COVID-19 has had a rapid and dramatic impact on almost every business. While a lot has been written about the immediate impact of the virus such as changing media habits, cash needs of businesses, and the migration to a work-from-home culture, not a lot has been written about the long-term impact of the virus. Good marketing is and always will be about being in the right place at the right time for the prospect. How is COVID-19 changing SaaS digital marketing and how should SaaS businesses respond now to prepare for the “new normal”?
- Some buyer behavior trends will accelerate
- Marketing plans and budgets need to pivot and be recalibrated quickly
Check out (un)Common Logic’s data-driven approach to digital marketing here.
Read on to learn about three long term digital marketing trends caused or accelerated by COVID-19 and the customer acquisition implications for SaaS companies.
Trend #1: An acceleration of SaaS buyers researching further into the buying funnel before in-person engagement with a sales team.
Almost all of us have heard the Accenture statistic, “Most B2B buyers are already 57% of the way through the buying process before the first meeting with a representative.” Of course, this is an overly broad generalization and varies widely from buyer-to-buyer and industry-to-industry.

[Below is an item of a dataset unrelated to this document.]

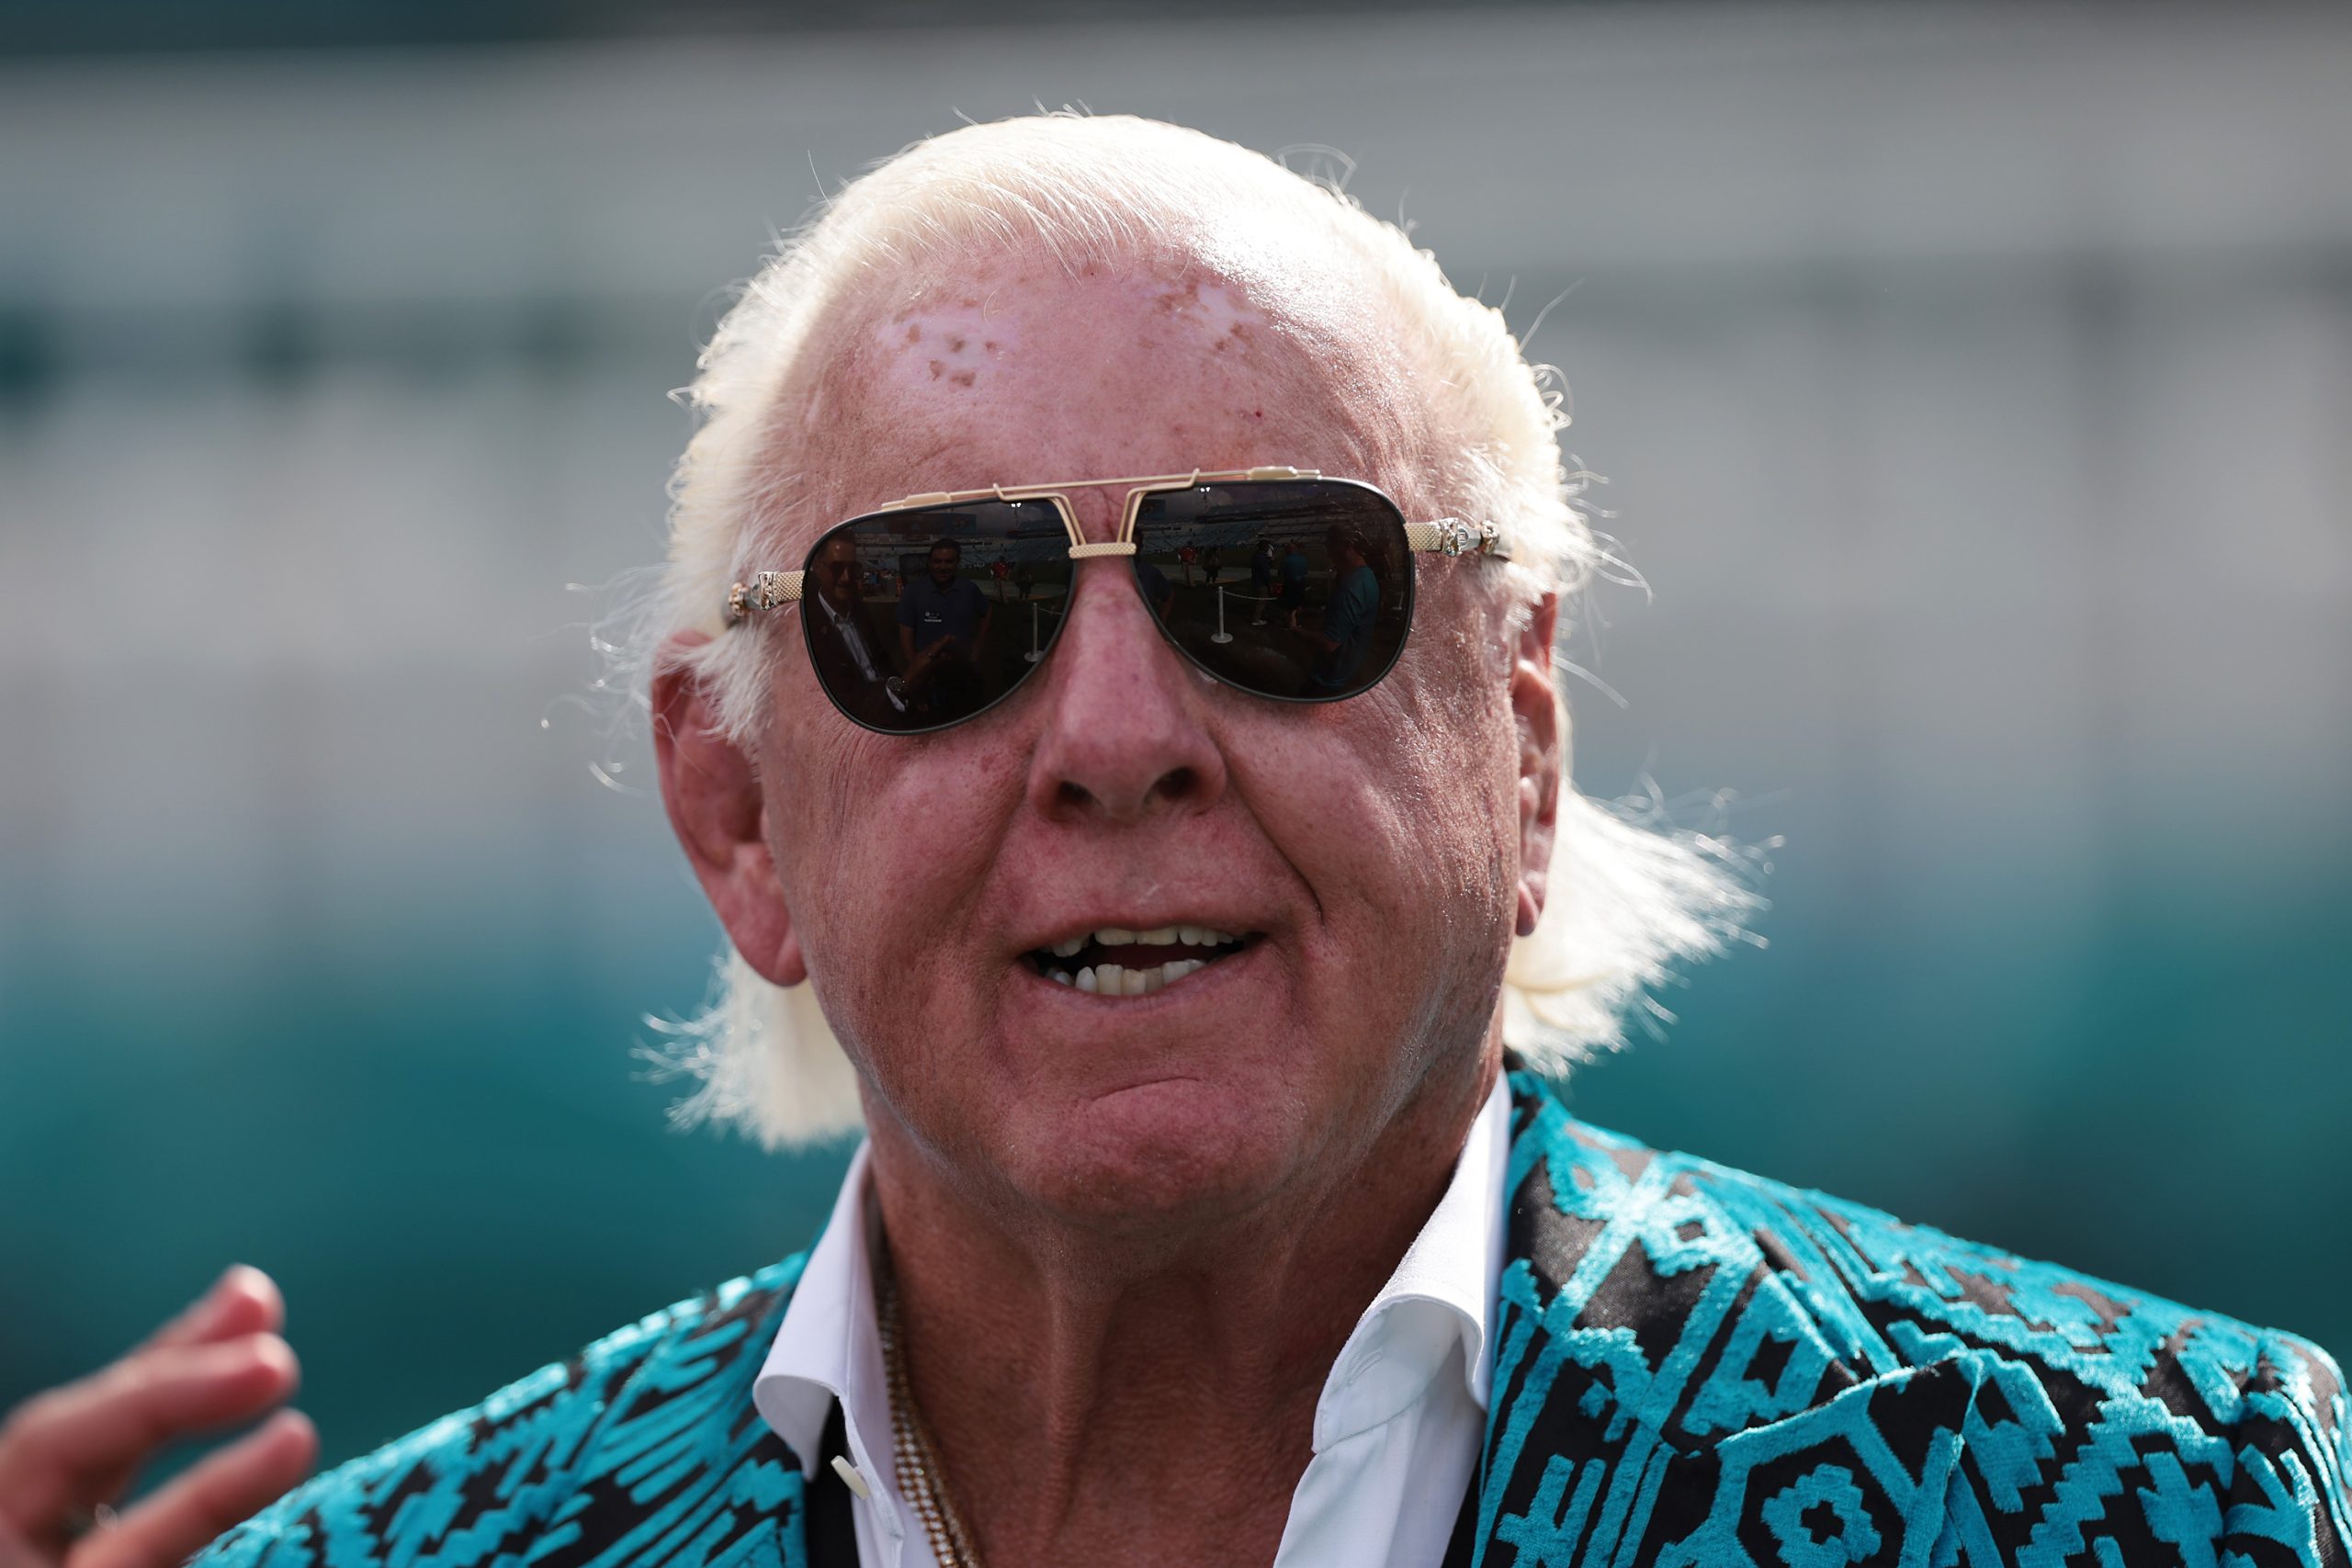 Former professional wrestler Ric Flair on the field before the game between the Jacksonville Jaguars and Houston Texans.

Regardless, over the past 15 years the B2B buyer’s journey has shifted from in-person interactions towards more online research.
Related to this, there is also an acceleration of B2B product research (including SaaS) to mobile devices. Ten years ago, the author of this post confidently declared, “no one is going to research and buy a $100,000 piece of software on her phone.” Times have changed. In 2019, Google released the statistic, “50% of B2B search queries are made on smartphones.” The Boston Consulting Group goes further by forecasting this number will grow to 70% by the end of 2020.
With the COVID-19 virus and the shift to a work-from-home environment, (un)Common Logic sees a continued acceleration of these trends. While in-person interactions are still vital to the sales process, (un)Common Logic foresees an acceleration of future SaaS customers conducting online research and being further in the sales funnel prior to in-person engagement – regardless of category. Additionally, (un)Common Logic is observing a continued shift to research on mobile devices within our agency customer base, especially for high funnel customers.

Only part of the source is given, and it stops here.